Sometimes, relationships may not always work out as well as we initially expected them to, or thought they would. What happens then? Keep dragging it on? Or confront your partner to let them know it’s over? With Valentine’s Day now past us, there may be quite a few of us wanting to breakup with our partners, but not knowing the right way to do it.
Here, Read Scoops gives you 10 tips that you should follow while breaking up. Remember, you don’t want to hurt the person and you must ensure you end this relationship (or all) very carefully. If you have any to add to our list, don’t forget to comment and let us know at the bottom of this article.
1) Do it at the right time
Always ensure that it’s the right time to end a relationship, as the last thing you want to do is breakup before important moments in your partner’s life, such as before an exam, when someone close to them has died, before their birthday or on any other holidays. Also, ensure they aren’t emotionally vulnerable when you plan to do it.
2) Always in person
Emails, texts, WhatsApp, G-chat? No, won’t do.

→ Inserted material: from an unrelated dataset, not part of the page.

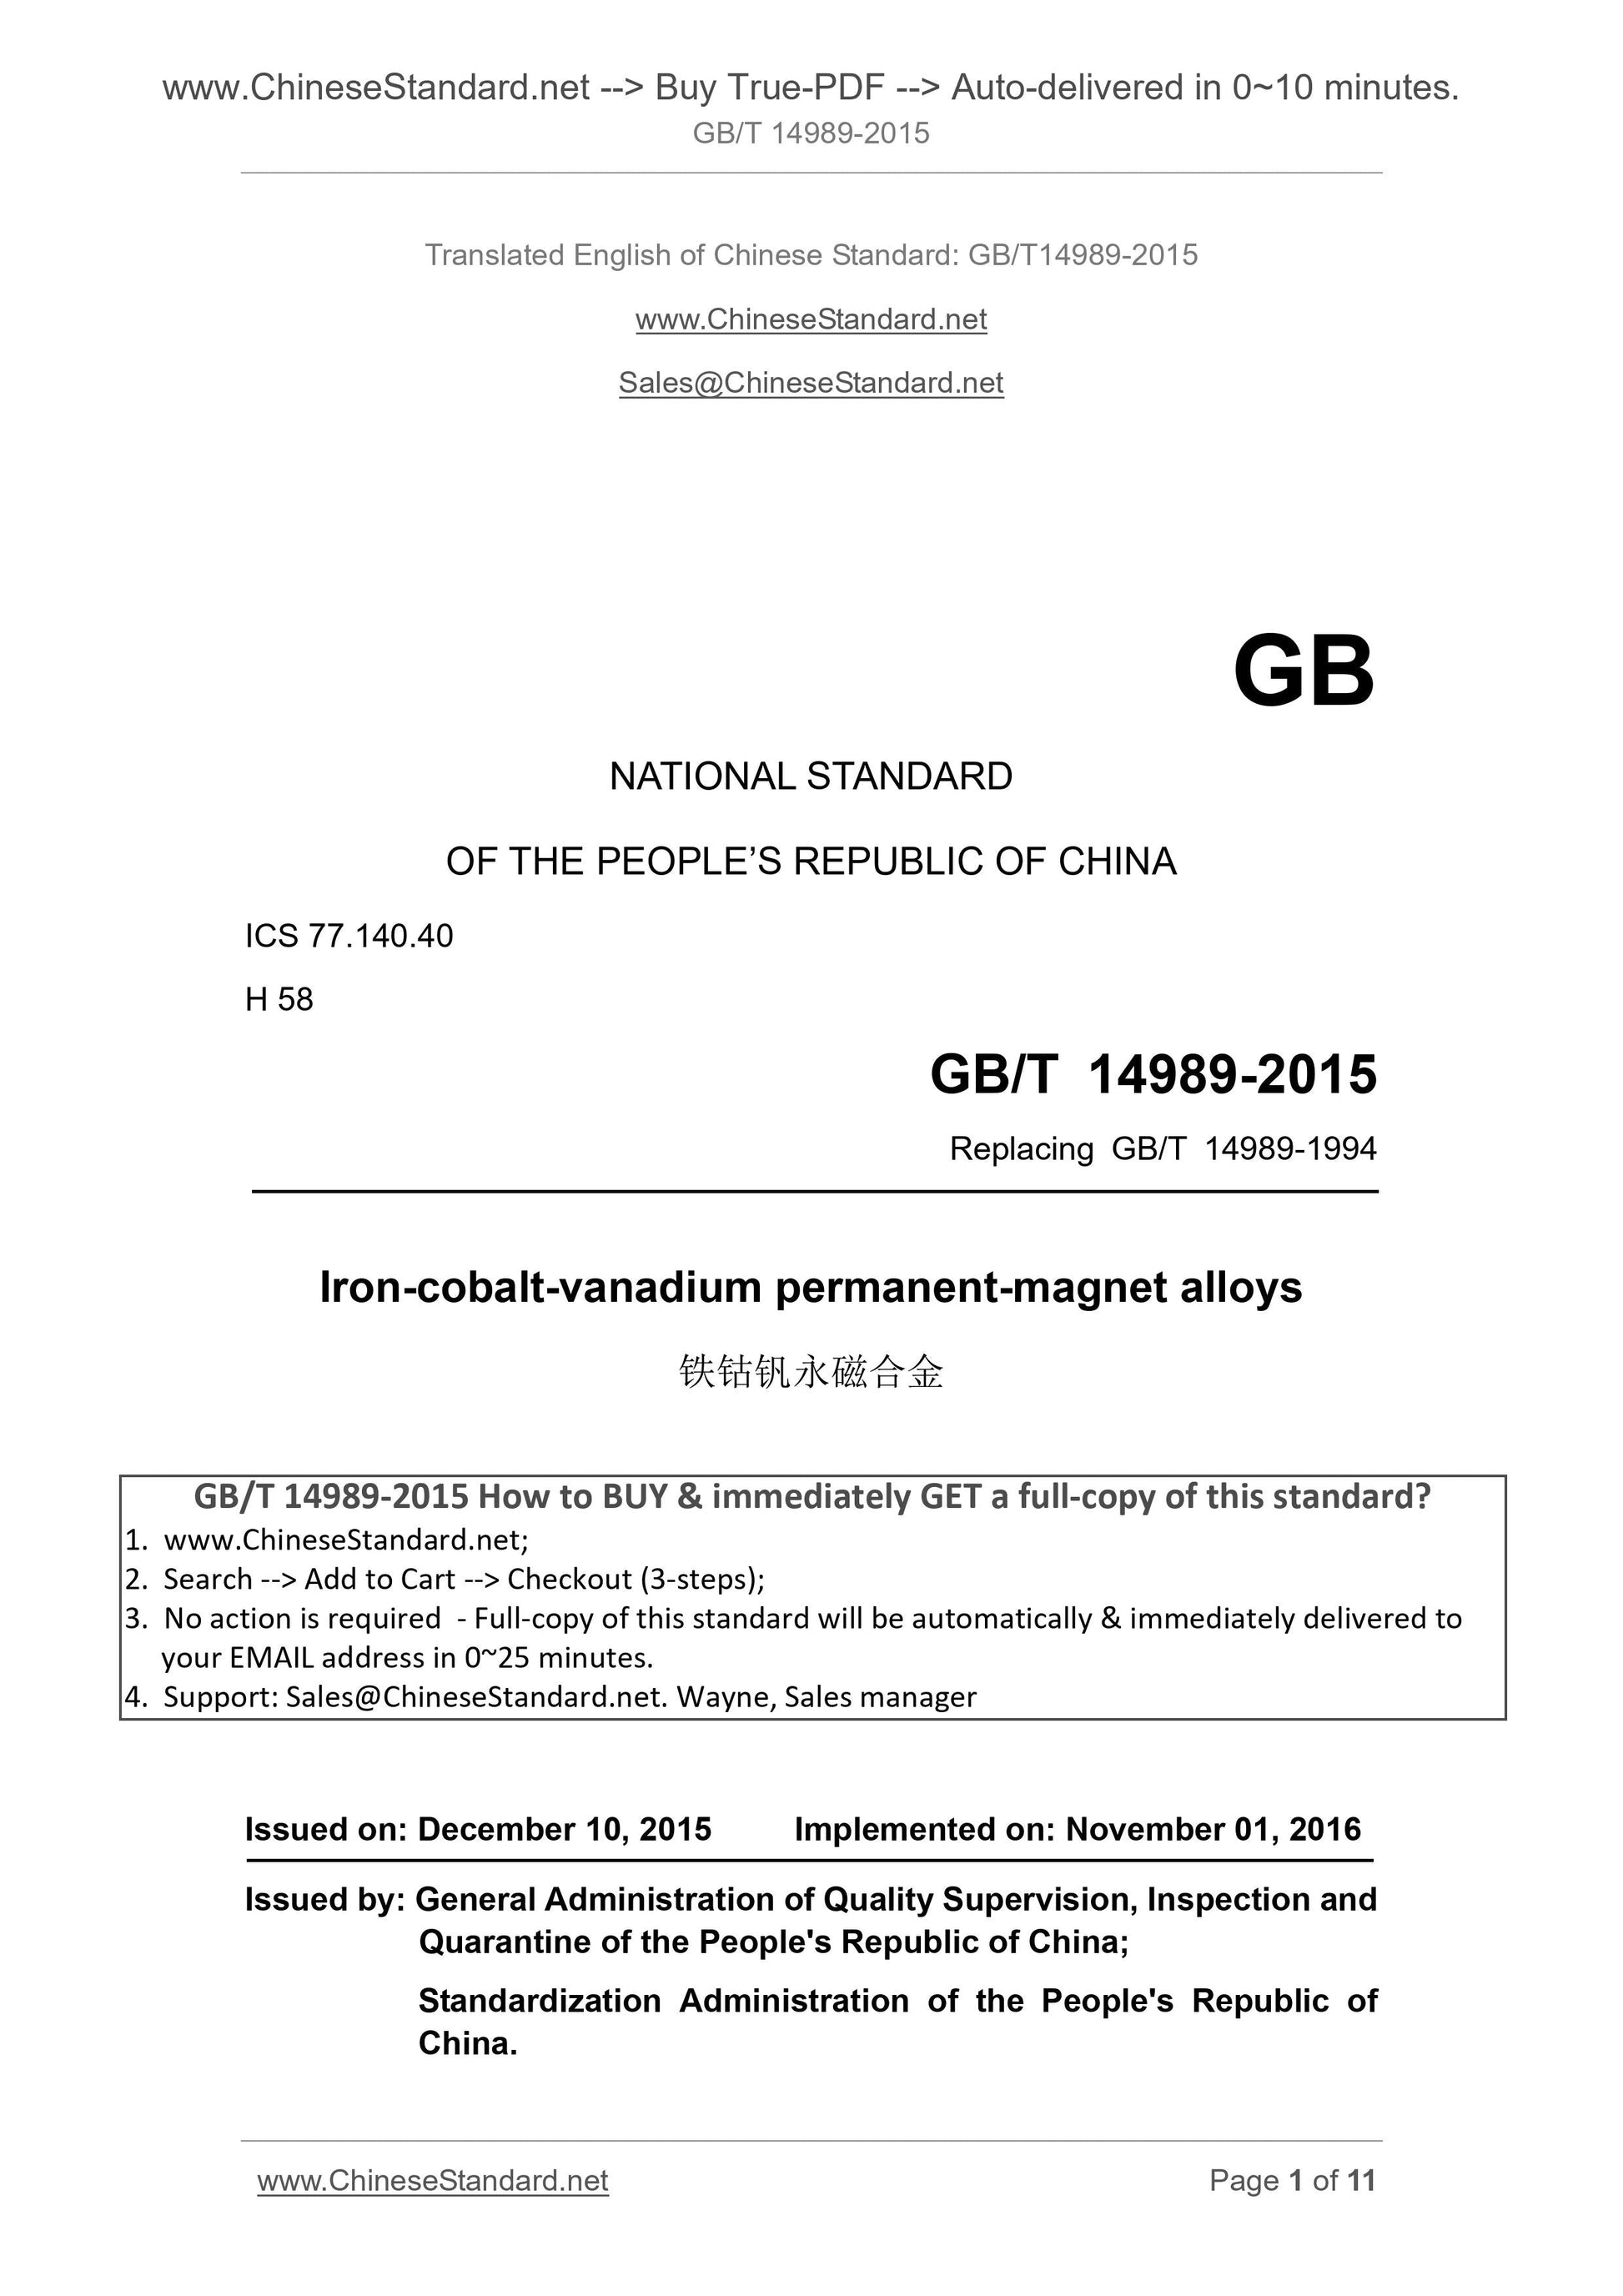 GB/T 14989-2015 Page 1

Always break-up in person, where both parties have a chance to share their feelings. If you’ve been in a relationship where there have been a lot of in-person memories shared, then an in-person closure is also required. Yes, it’s easier to be done over text but a face-to-face breakup is the right thing to do. Always!
3) ‘Never’ and ‘Always’
Please avoid using words like ‘always’ and ‘never’. There’s no need to say stuff like “You’re always spending more time with him/her”, or “You always hurt me” or “You never do the right things”. These words imply accusations and faults, and shows that your partner has never been able to learn from mistakes.
4) Don’t compare
The last thing anyone wants is to be compared to someone else. Don’t breakup with your partner citing that your ex boyfriend/girlfriend was much better (in any way), or don’t compare your relationship to other relationships which are working out better than your own. A healthy relationship, or even a healthy fight, requires empathy and comparisons to an ex are anything but empathetic.
Also, comparisons to an ex will make your partner only feel worse about something that they probably already had insecurities about.
5) Be honest
Be honest, but not brutally honest.
A very important part of breaking up is being honest with your partner. Be very clear about the reasons you want to break-up and don’t hide behind stupid excuses. However, choose your words wisely. If there is something that bugs you about him/her but saying it may hurt him/her, think about whether you really should be saying it.
6) Be respectful
An important part of breaking up is being respectful and not hurtful, even if you’re breaking up because your partner hurt you in the first place. A healthy breakup shouldn’t consist of accusations, naming calling and needless arguments. Stick to the point and express your feelings without getting carried away.
7) “It’s not you, it’s me.”
While we suggest you mean these words, please do not use the exact words. These words are exactly what would come out of a classic player’s mouth. However, make sure you get reasons across as to why you may be the bad person for this relationship, and how you haven’t done much right, rather than putting it on your partner.
8) Don’t say I hate you
When the time for a breakup arrives there are a lot of chances that it may not go as smoothly as you planned it in your head. Chances are that the talk may lead into an argument and then later into a fight. People say things they don’t mean in a fight so avoid the ‘I hate you’ if things do get heated.
You know you don’t mean it. Deep down, you know you could never be with a person you ‘hate’.
9) Show signs
Over the days/weeks, please send a few hints that you may not be liking the relationship as much as you did earlier. Talk a bit less, meet less, have fun a bit less. It will become easier for your partner to digest when you actually drop the bomb on him/her. The last thing you need to do is go out, enjoy a beautiful candle-light dinner or have fun at a movie, and then come and end the relationship.
10) Don’t cause damage
Ultimately, remember that you want to walk out of the relationship without leaving behind any scars or bitterness. You want to be remembered as a good person when this partner ever thinks about you in the future. Accusations or statements that will hurt him/her should be avoided as these things will play in their minds for a very long time, even when they enter other relationships in the future. Be nice!